Глава 26

Дневная смена еще не ушла, а вечерняя уже пришла, поэтому в ординаторской было многолюдно и шумно. Но все веселье закончилось в тот миг, когда в помещении появилась Ирина Алексеевна.

На Павловой не было лица, она нервно теребила рукав халата и явно собиралась сообщить что-то нехорошее.

— Что случилось? — одновременно поинтересовались Салам и Костя.

Вместо ответа заведующая нервно мотнула головой и начала кусать губы.

Брагин приподнял брови:

— К нам едет ревизор? — увидев, что начальница не отреагировала на шуточку, мужчина стал серьезнее и повторил за коллегами. — Что случилось? Да вы присаживайтесь, Ирина Алексевна, — он поднялся, уступая Павловой место рядом с Мариной.

Нарочинская в восторг от вынужденного соседства не пришла, но слишком устала, чтобы отсаживаться. Да и на открытую конфронтацию выходить не хотела.

Ирина Алексеевна приземлилась рядом с нейрохирургом и, наконец, собралась с силами:

— К нам пациента привезли со снарядом в животе. Мы с Верой Георгиевной саперов вызвали, они говорят, что его никуда нельзя перевозить. Придется оперировать здесь.

Стало так тихо, что Марина услышала, как едет лифт в другом конце коридора.

— Мы потребовали, чтобы к нам прислали военных врачей, но все заняты, а счет идет на минуты, — добавила заведующая и поняла, что ее слова звучат как-то жалко и нелепо. — Зименская пытается решить этот вопрос, но шансов почти нет.

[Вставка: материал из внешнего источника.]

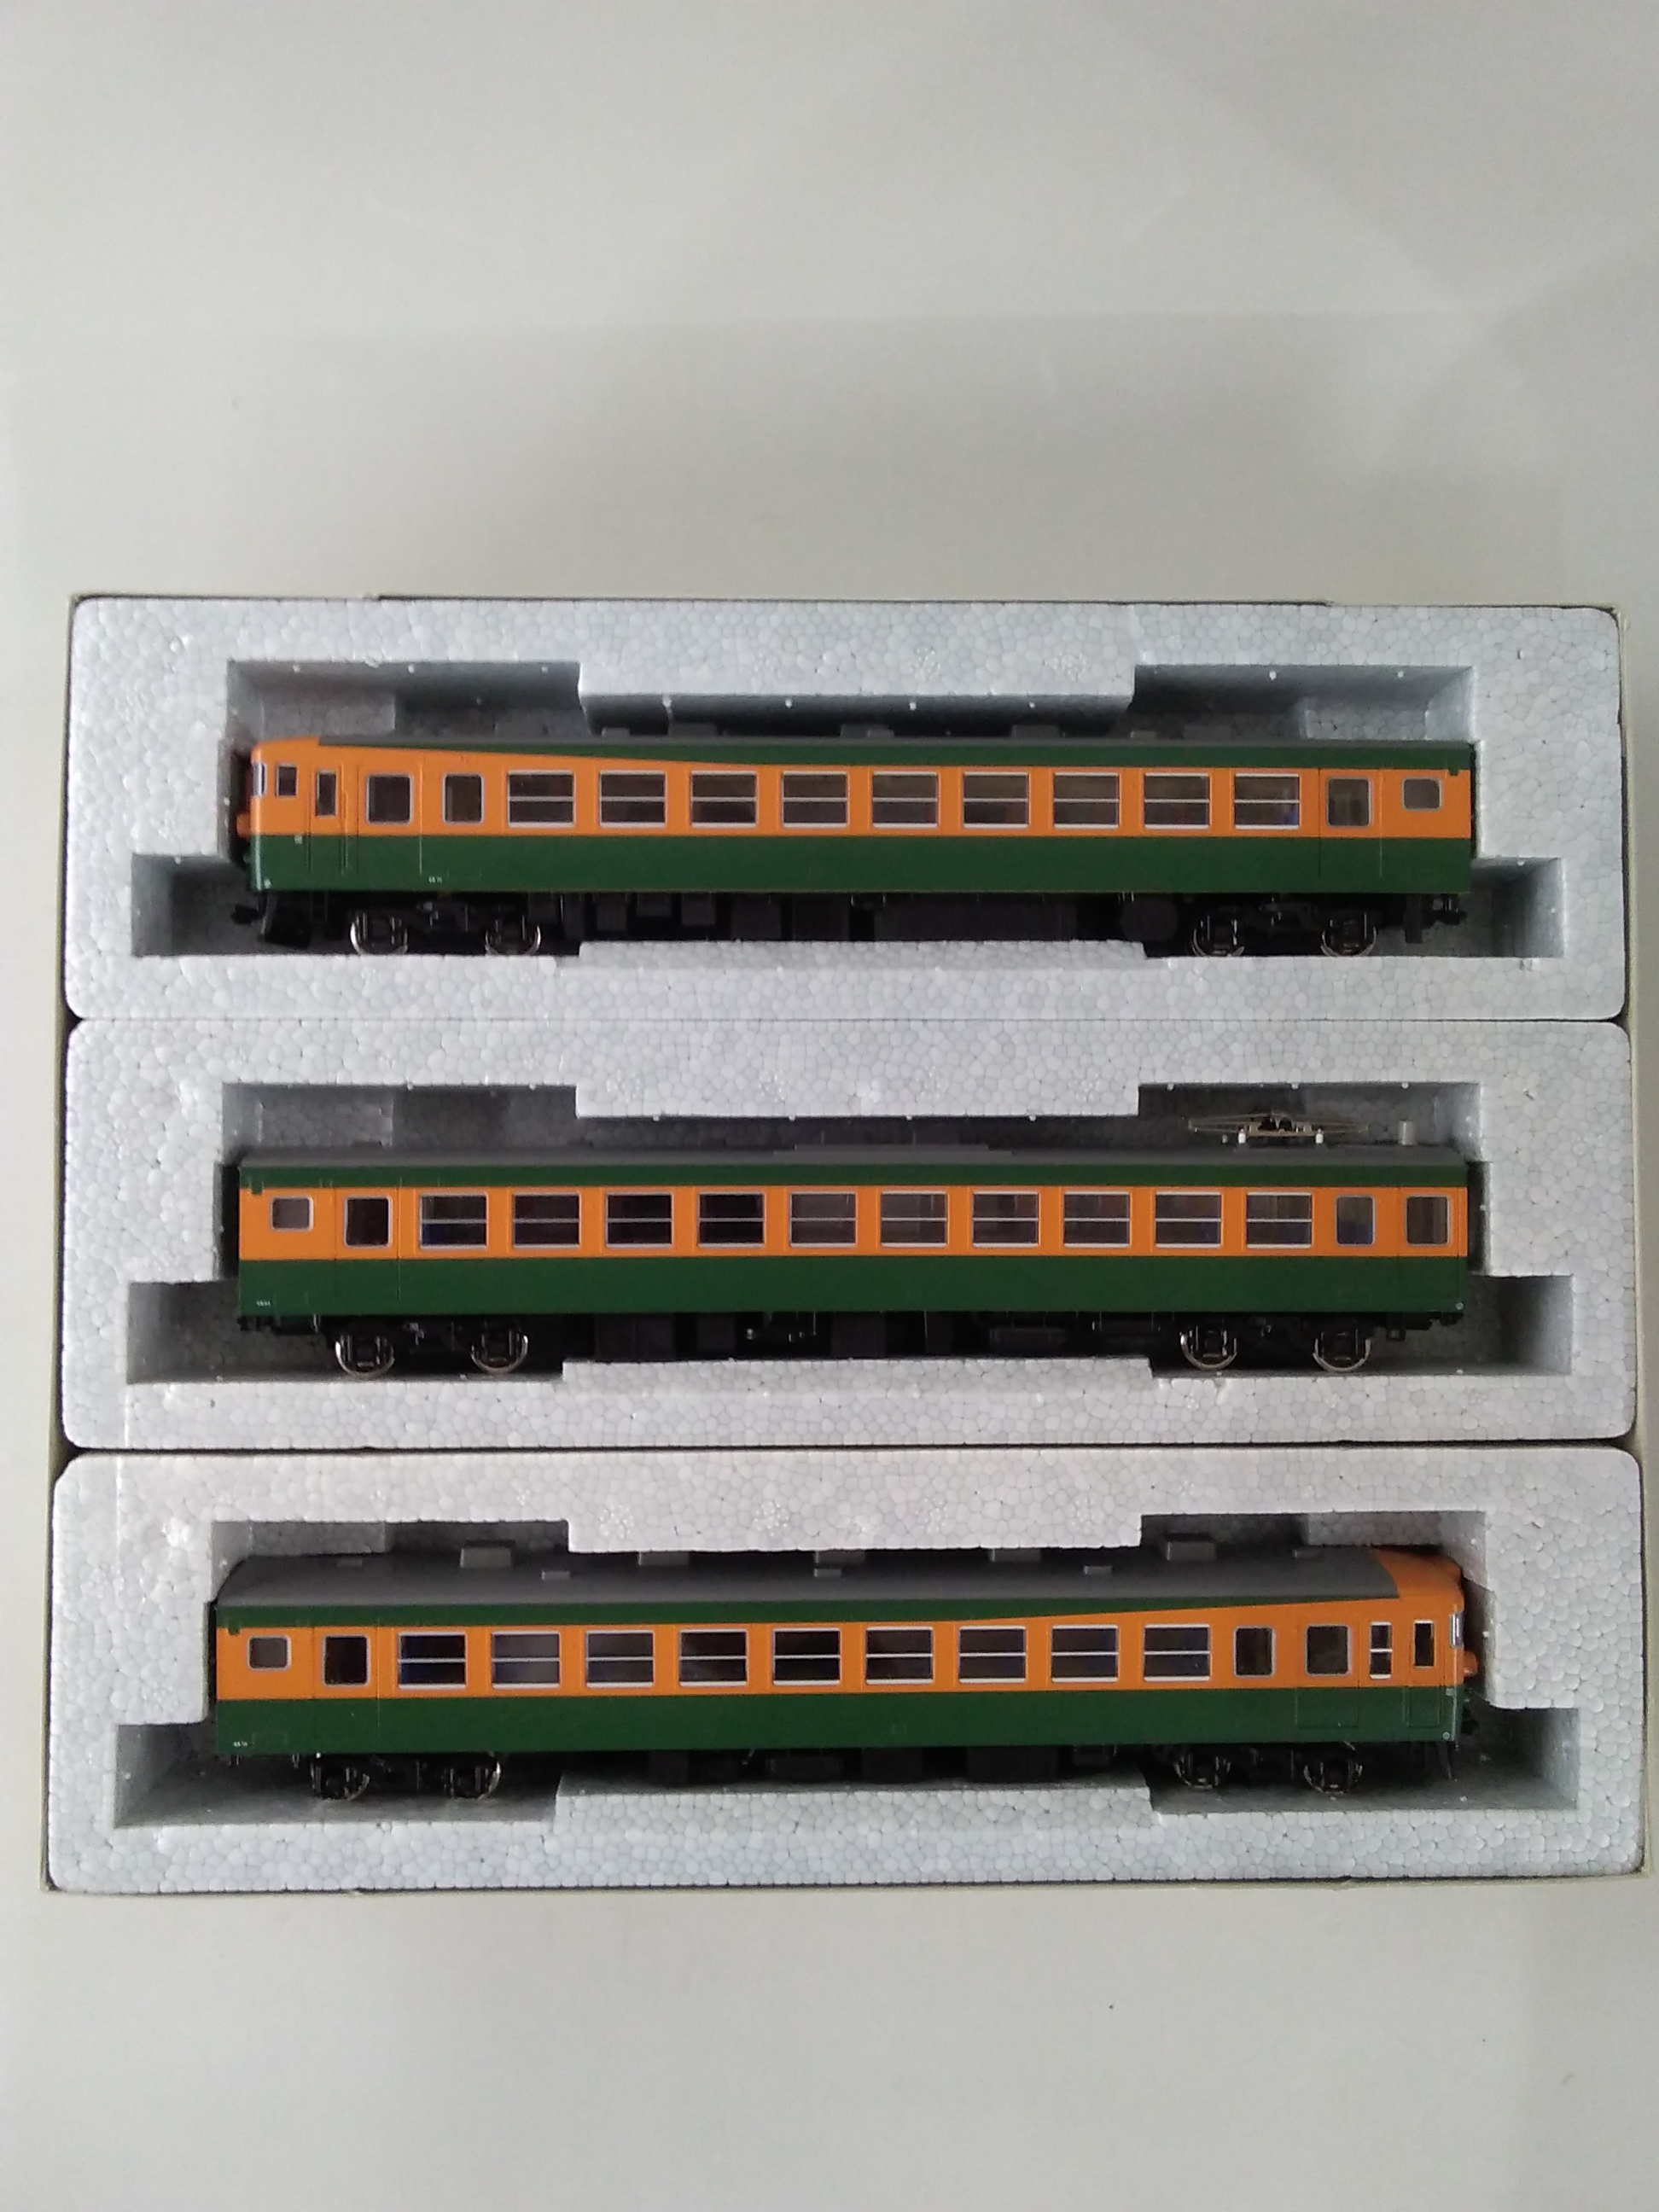 HOゲージ 3-506 165系 急行形電車 増結 3両セッ|KATO

— Снаряд боевой? — зачем-то поинтересовался Брагин.

Павлова вздрогнула:

— Сначала жена пациента сказала, что холостой, а потом выяснили, что нет.

— Как он умудрился его поймать-то? — непонятно для чего продолжил расспрашивать Олег и в этот момент понял, что на него смотрят все.

Кроме Нарочинской.

Нарочинская рассматривала колени и делала это так старательно, что почти просверлила в них отверстия. А еще Брагин видел, как мелко, почти незаметно дрожат ее пальцы.

Ирина Алексеевна пожала плечами:

— Игры у них какие-то, что-то с историей связано. Несчастный случай, снаряд перепутали.

— Историческая реконструкция, наверное, — неуверенно предположил Салам.

Заведующая кивнула, соглашаясь с его словами.

— Идиоты, — процедил сквозь зубы Костя. — А сейчас кто-то из нас должен рисковать жизнью из-за их приколов!

Почему-то Павлова думала, что ей станет легче, когда расскажет о ситуации. Ошиблась. Она не представляла, кто из подчиненных может согласиться на такое. Точнее, конечно, слишком хорошо представляла, но…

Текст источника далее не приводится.